Tous les ans, peu de temps avant les fêtes de Pâques, quelques habitants d’Elche, plus entreprenants que leurs compatriotes, se dirigent vers le port d’Alicante, après s’être munis d’un chargement considérable de palmes qu’ils ont tressées et ornées pendant la saison d’hiver. D’Alicante ils s’embarquent pour Marseille, et à peine débarqués dans le grand port de la Méditerranée, leur premier soin est de chercher à louer pour une quinzaine de jours quelque magasin vacant, ou un emplacement libre dans une de ces nombreuses et splendides constructions qui s’élèvent chaque jour comme par enchantement, et qui ne tarderont pas à faire de Marseille la seconde ville de France. Une fois que nos habitants d’Elche ont trouvé une place convenable dans un quartier fréquenté, ils s’empressent d’étaler aux yeux des promeneurs leur marchandise d’un nouveau genre, qu’ils savent disposer avec un art et un goût tout particuliers.

La dernière fois que nous nous arrêtâmes à Marseille, nos regards furent attirés par une de ces boutiques improvisées, qui étaient garnie d’une infinité de palmes de toutes formes et de toutes dimensions : quelques-unes, dont la hauteur arrivait jusqu’à plusieurs mètres, se faisaient remarquer par un luxe d’ornementation vraiment extraordinaire : des nattes habilement tressées, des nœuds aux combinaisons les plus ingénieuses, alternaient avec des feuilles de clinquant aux couleurs variées et éclatantes, et formaient toutes sortes de dessins fantastiques et imprévus.

Le costume du vendeur de palmes ne contribuait pas moins que sa marchandise à attirer les regards de la foule : c’était, à quelques petits détails près, celui que portent les paysans du royaume de Valence ; il en est de même du langage, car le dialecte valencien, qu’on parle encore dans la province d’Alicante, est généralement employé jusqu’à Murcie.
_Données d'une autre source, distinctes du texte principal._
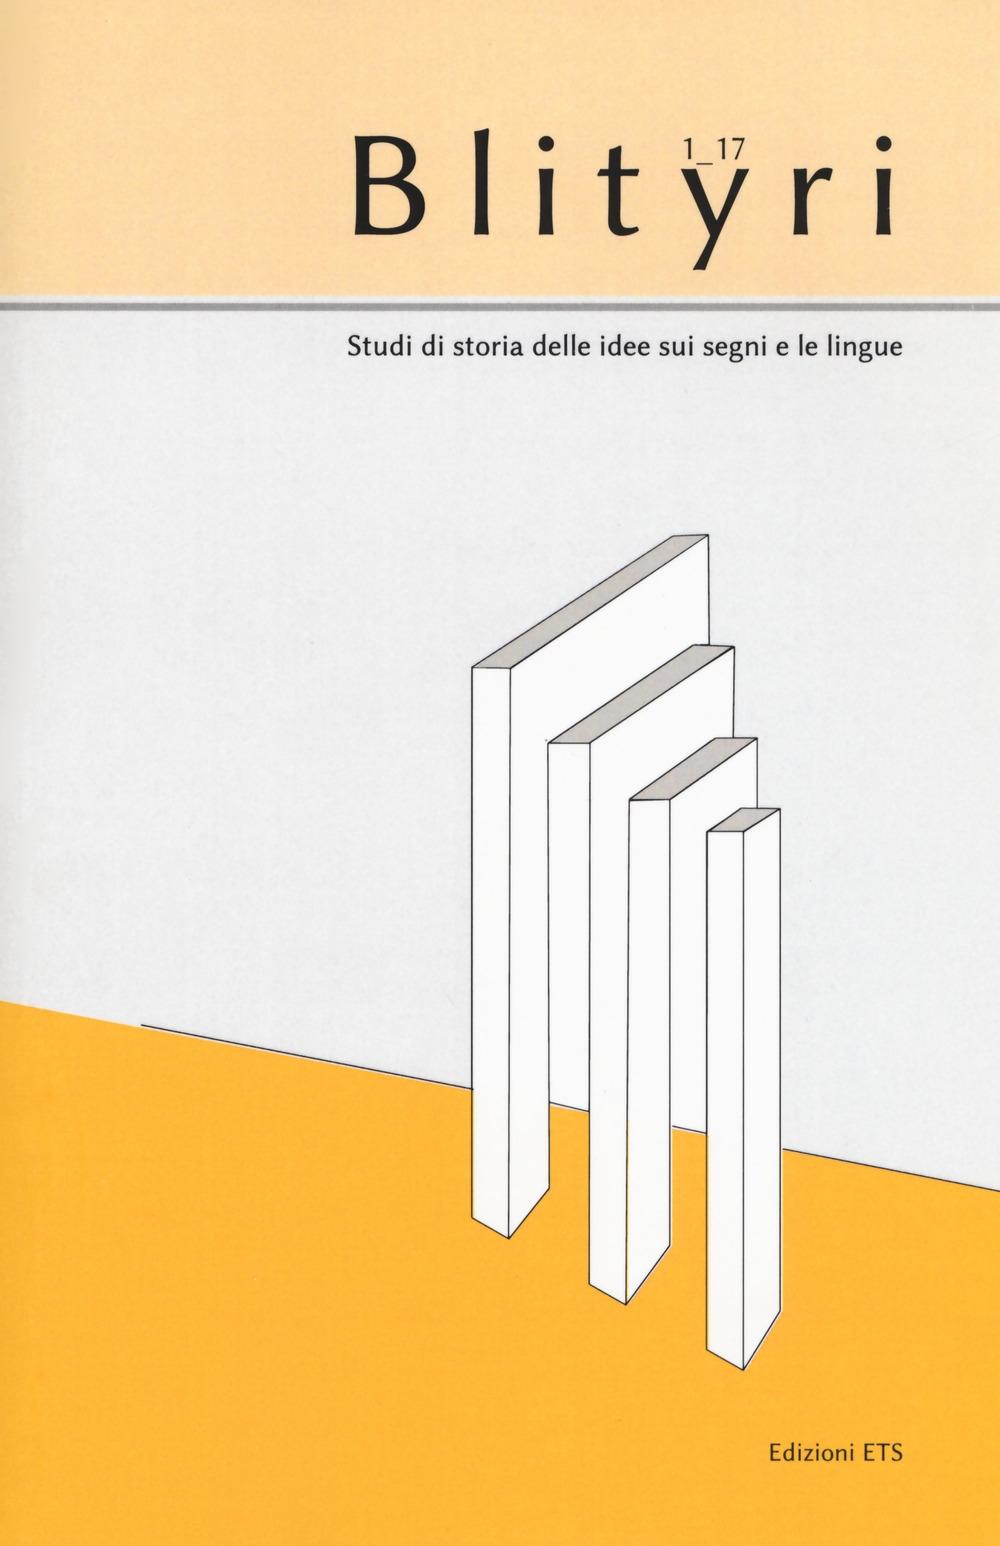 Blityri. Studi di storia delle idee sui segni e le lingue (2017). Vol. 1: Saussure e i suoi interpreti italiani. Antonino Pagliaro, la scuola romana e il contesto europeo
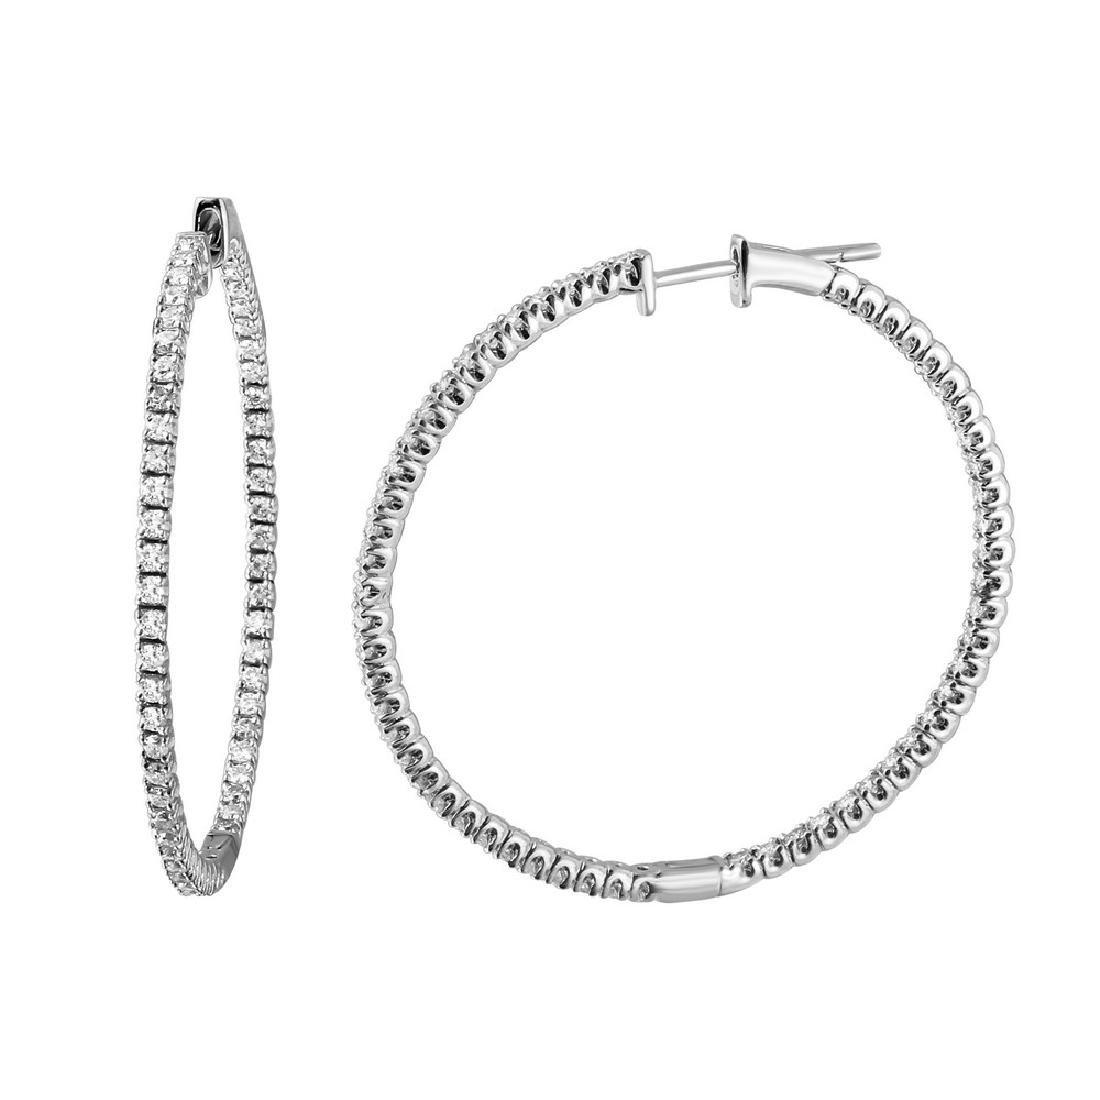 1.06 CTW Diamond Hoop  Earring in 14K White Gold

Notre marchand de palmes était un type superbe de la race espagnole du sud : sa tête brune et expressive, encadrée d’épais favoris noirs, était coiffée d’un foulard de soie rouge et jaune posé en turban ; une veste de velours bleu, garnie de nombreux boutons de filigrane d’argent, laissait voir la faja, large ceinture de soie aux rayures éclatantes, qui serrait la taille, rendue svelte encore par l’ampleur des zaragüelles, vastes caleçons de toile blanche tombant jusqu’aux genoux, comme la jupe des Palicares albanais. Des alpargatas de chanvre finement tressé lui servaient de chaussure, et se fixaient à la jambe au moyen de larges rubans noirs qui venaient se croiser sur des bas d’un bleu foncé. Nous ne manquâmes pas d’engager la conversation avec l’habitant d’Elche, et de lui demander s’il était content de ses affaires ; il nous répondit qu’elles allaient à merveille, et voulut savoir si Paris était beaucoup plus grand que Marseille ; sur quoi nous lui répondîmes que, si ses palmes pascales devenaient la mode dans la capitale de la France, elle absorberait probablement toutes celles que produit Elche. Nous terminâmes en lui donnant des détails sur son pays que nous venions de voir tout récemment, et il fut ravi quand nous lui parlâmes de l’église Santa-Maria, des palmares, etc. Mais sa joie fut au comble en entendant la fameuse phrase proverbiale : No hay mas que un Elche en España : il n’y a qu’un Elche en Espagne.